Last updated 10/18/2024
Model | Creator | Best For | Speed (TPS) | Benchmark Average | QUAKE | Klu Index |
---|---|---|---|---|---|---|
GPT-4 Turbo (0409) | OpenAI | Code & Reasoning | 39 | 87.70% | 24.24% | 100 |
o1-preview | OpenAI | Complex Reasoning | 29 | 90.70% | 39.29% | 99 |
GPT-4 Omni (0807) | OpenAI | AI Applications | 131 | 85.40% | 28.79% | 98 |
Claude 3.5 Sonnet | Anthropic | Chat & Vision | 80 | 82.25% | 31.82% | 97 |
Gemini Pro 1.5 | Reward Model | 64 | 73.61% | 27.27% | 96 | |
Claude 3 Opus | Anthropic | Creative Content | 23 | 77.35% | 19.70% | 91 |
Understanding the Klu Index Score
The Klu Index Score evaluates frontier models on accuracy, evaluations, human preference, and performance. It combines these indicators into one score, making it easier to compare models. This score helps identify models that best balance quality, cost, and speed for specific applications.
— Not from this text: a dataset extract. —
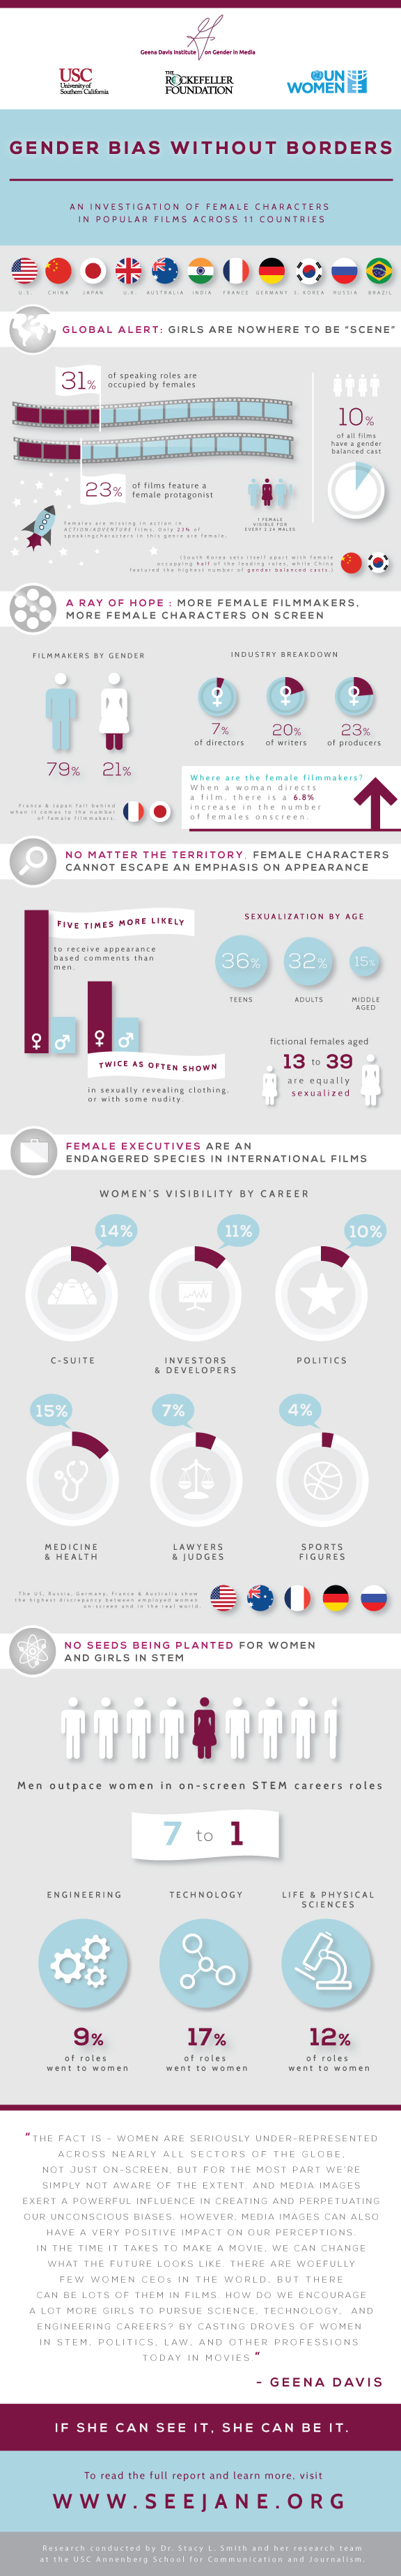 Gender Bias Without Borders Infographic

Powered by real-time Klu.ai data as of 10/18/2024, this LLM Leaderboard reveals key insights into use cases, performance, and quality. GPT-4 Turbo (0409) leads with a 100 Klu Index score. o1-preview excels in complex reasoning with a 99 Klu Index. GPT-4 Omni (0807) is optimal for AI applications with a speed of 131 TPS. Claude 3.5 Sonnet is best for chat and vision tasks, achieving an 82.25% benchmark average. Gemini Pro 1.5 is noted for reward modeling with a 73.61% benchmark average, while Claude 3 Opus excels in creative content with a 77.35% benchmark average.
This data enables optimal API provider and model selection based on specific needs, balancing factors like performance, context size, cost, and speed. The leaderboard compares 30+ frontier models based on real-world use, leading benchmarks, and cost vs. speed vs. quality performance.
This comprehensive comparison allows researchers and developers to make informed decisions when selecting an LLM, evaluating factors such as languages supported, performance, context size, speed, and cost. For those interested in maximizing efficiency and accuracy, the leaderboard serves as a vital resource, providing clear evaluations of the models’ abilities. Additionally, the ongoing updates and inclusion of real-time data ensure that the leaderboard remains relevant for anyone asking the right questions, improving NLP benchmarks, and optimizing their use of cutting-edge technologies.
Frontier Model Comparison
Select two models to compare their performance side by side.
GPT-4 Omni (0807)
- Overall Average81.69%
- Knowledge (MMLU)88.70%
- Expertise (GPQA)53.60%
- Vision (MMMU)69.10%
- Reasoning (HellaSWAG)94.20%
- Coding (HumanEval)90.20%
- Reasoning (BBHard)91.30%
- Easy Math (GSM8K)89.80%
- Hard Math (MATH)76.60%
- Klu Index Score98.00
- Speed (Tokens/s)130.60
- Stream Start (Seconds)0.50
- Price / Million Tokens$4.16
Claude 3.5 Sonnet
- Overall Average82.25%
- Knowledge (MMLU)88.70%
- Expertise (GPQA)59.40%
- Vision (MMMU)68.30%
- Reasoning (HellaSWAG)89.00%
- Coding (HumanEval)92.00%
- Reasoning (BBHard)93.10%
- Easy Math (GSM8K)96.40%
- Hard Math (MATH)71.10%
- Klu Index Score97.42
- Speed (Tokens/s)80.10
- Stream Start (Seconds)0.84
- Price / Million Tokens$6
Frontier Benchmarks Leaderboard
The hardest benchmarks, the most advanced models.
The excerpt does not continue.